The A.L.S. Association is urging the Food and Drug Administration to expedite its review process and grant approval as soon as the company applies for it — but to require rigorous follow-up studies, since the original study was a Phase 2 trial instead of the larger and longer Phase 3, which is often required for approval. The association also wants the company that makes the treatment, Amylyx, a Massachusetts start-up the students founded, to seek the agency’s permission to provide the drug for compassionate use while it is still being evaluated.
Experts who weren’t involved in the study said the data was encouraging, but that important unanswered questions remained about the potential therapy. One unknown is what benefit the drug would have when compared with patients who never received it at all and received only placebo for 30 months, said Dr. Robert Miller, director of clinical research at Forbes Norris MDA/A.L.S. Research Center at California Pacific Medical Center. Still, he said he considered the results a “base hit single.”
The study involved patients who developed symptoms within 18 months before the trial and were affected in at least three body regions, generally signs of fast-progressing disease. Most were already taking one or both of the approved A.L.S. medications: riluzole, which can extend survival by several months, and edaravone, which can slow progression by about 33 percent. That could suggest that AMX0035 — a powder that patients mix with water to drink or ingest through a feeding tube twice daily — might work on top of existing treatments.

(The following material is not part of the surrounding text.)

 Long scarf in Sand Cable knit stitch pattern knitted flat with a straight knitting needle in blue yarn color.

Researchers said that according to a statistical model that included factors like patients’ age and their score on a 48-point A.L.S. functional scale before they entered the trial, patients who received AMX0035 from the beginning had a 44 percent lower risk of death during the study period.

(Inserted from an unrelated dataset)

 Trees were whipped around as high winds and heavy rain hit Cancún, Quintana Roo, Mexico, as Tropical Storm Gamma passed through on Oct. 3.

Dr. Walter Koroshetz, director of the National Institute of Neurological Disorders and Stroke, who wasn’t involved in the trial, said that the data suggested a “powerful impact that’s pretty striking” in extending survival for patients who got the drug for the 24 weeks of the trial — when they were earlier in the disease than patients who started the drug after the trial.
But, he said, it wasn’t clear how much those who first received 24 weeks of placebo benefited when they took the drug. “It could mean that the drug is really effective and people who got the drug late really would have been dead at 12 months instead of 18,” Dr. Koroshetz said. “Or, the other way of thinking about it is that the drug is not effective unless you get it early. There’s no clue here to which one of those is true.”
Dr. Koroshetz also said that the reality that many of the patients ultimately died “emphasizes how devastating A.L.S. is.”